The memory is as vivid as if it were yesterday. I was walking on the beach by myself after a frustrating argument with my parents over my senior year grades. I often go walking alone on the beach just to unwind and forget my troubles. That night, the beach was full of people relaxing with their loved ones. Music was playing on my headphones and I was looking up at the stars, oblivious to my surroundings, until I bumped into a man walking with his wife.  Unfortunately, my headphones also drowned out the eerie sounds of aircraft overhead. The first missile struck some distance away.  The quakes felt the same as two years before, but this time they were more severe. Just as I started to feel really scared, my phone rang. “They hit Al-Frusiah! Get home now!” my father said.

I did not argue with him and began walking back rapidly. However, when I arrived at the tip of Al-Bahr Street, the second missile struck right behind me. I felt the smoke in my eyes and nose, so I sprinted the rest of the way home.

As I ran, the same old scenes recurred: fast people and fast cars with the very familiar red sky above all of us. A man kept shouting at his kids to get into their car. I slowed down and asked him to stop yelling, but he kept on. In my heart I excused him; it was a terrifying situation. No wonder he would not stop.

When I arrived home safely, my dad started yelling at me, “Where have you been? What took you so long?” But my mother, who was looking at me carefully, said, “Your face looks dull. Are you okay?” I nodded my head shakily, went to my room, and wondered, “What if I had been just one second later getting to Al-Bahr Street?”  It felt like death was coming closer to me.

May 16, 2021

Bus poster that says "Israel's attacking Gaza again. How many more times is this ok?
Poster by Image Stencil. Courtesy of the Palestine Poster Project Archives.

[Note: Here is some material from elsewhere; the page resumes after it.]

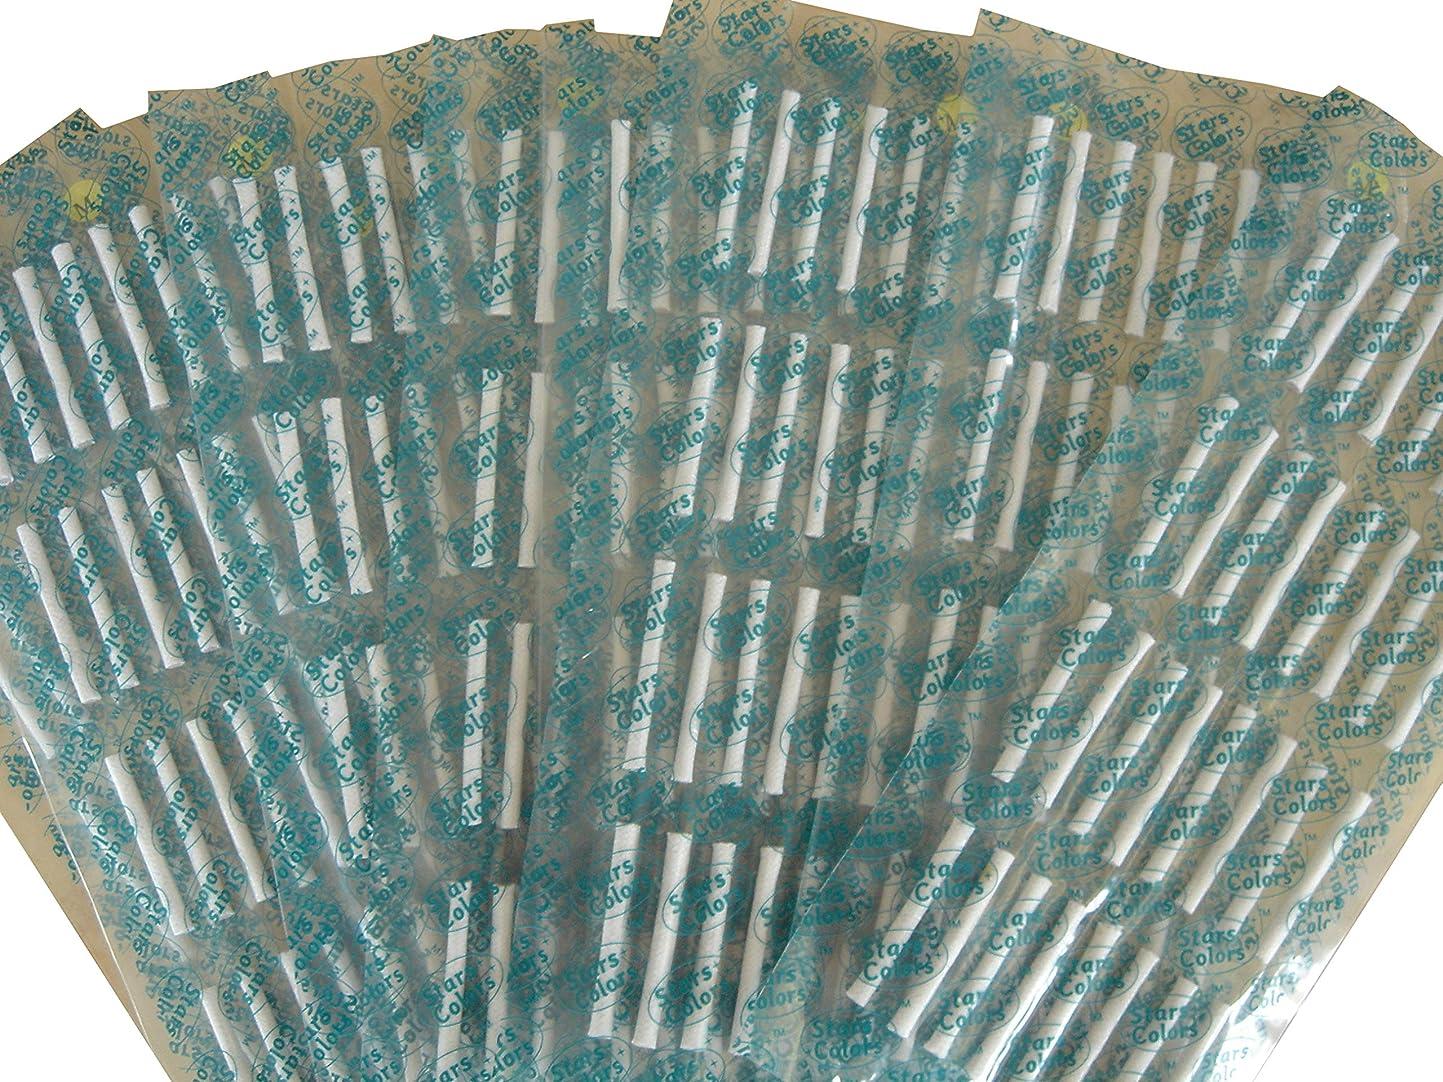 ラフレシアアルノルディロゴちっちゃいまつげパーマ用☆粘着式ロット1シート32本 10枚セット (粘着ロットSサイズ)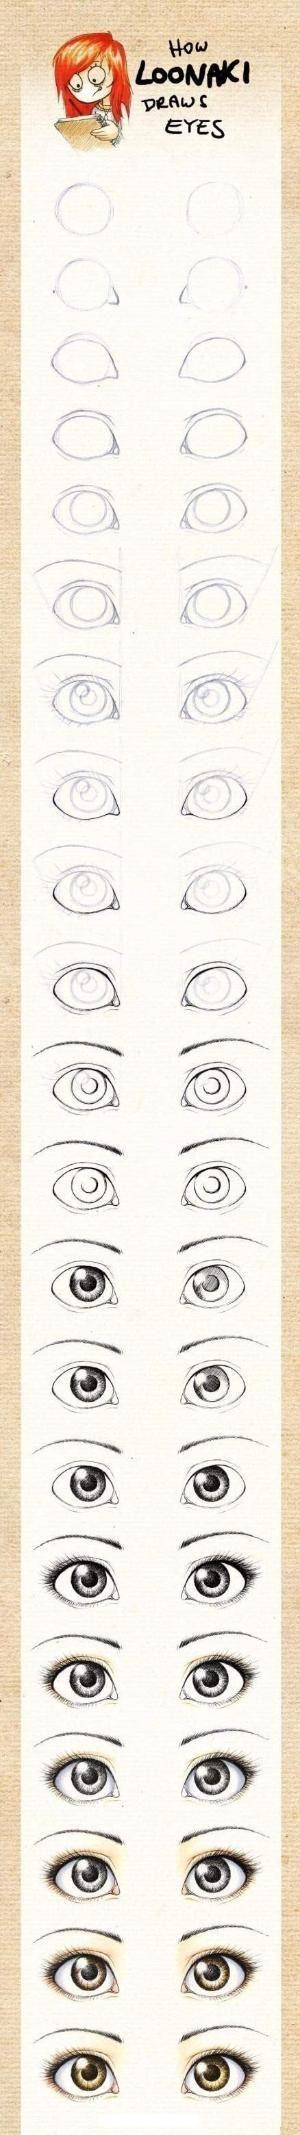 Cómo dibujar los ojos por JadeMonroe                              …

A day after my twentieth birthday, the Israeli occupation forces threatened to bomb our neighborhood. “THEY WILL STRIKE HERE!” a man shouted and another one followed, “We should all get out of here now!” But we stayed in our house.  I was sitting near the apartment door facing our storehouse. My mother warned me to stay back, but I was reckless, reassuring her that nothing would happen.

But something did happen. The window suddenly turned red and I heard the wall cracking. We could hear a bomb falling. We were very frightened. I started scrambling backward, shouting, “That window! It’s red!”  My mother grabbed me as if I were a kid. I said, “For God’s sake Mom, I am 20!” But she kept on patting on my head, and for a moment, I felt comforted all through my body.

Today

Somehow, I am still alive. The bomb that fell with such a roar never detonated; it simply lay there like it was on a summer vacation.  But though the “bombing” did not technically occur, it was the most terrifying experience I have ever had; it was my home! My safe place!

Yet again, that war left me wondering what would have happened if that rocket had exploded. Yet again, death taunts me: “What if…?”

Here in Gaza, we have a joke among ourselves: “I have a bachelor’s degree in survival,” because my generation has survived four wars between 2008 and 2021, not to mention the countless missile strikes in between.

Though some might say these near-death encounters of mine are not as terrible as the actual killings of so many Gazans by the bombs and bullets of occupation, the rest of us, like me, become more and more familiar with death as it comes closer, too familiar, until, inevitably, it gets us.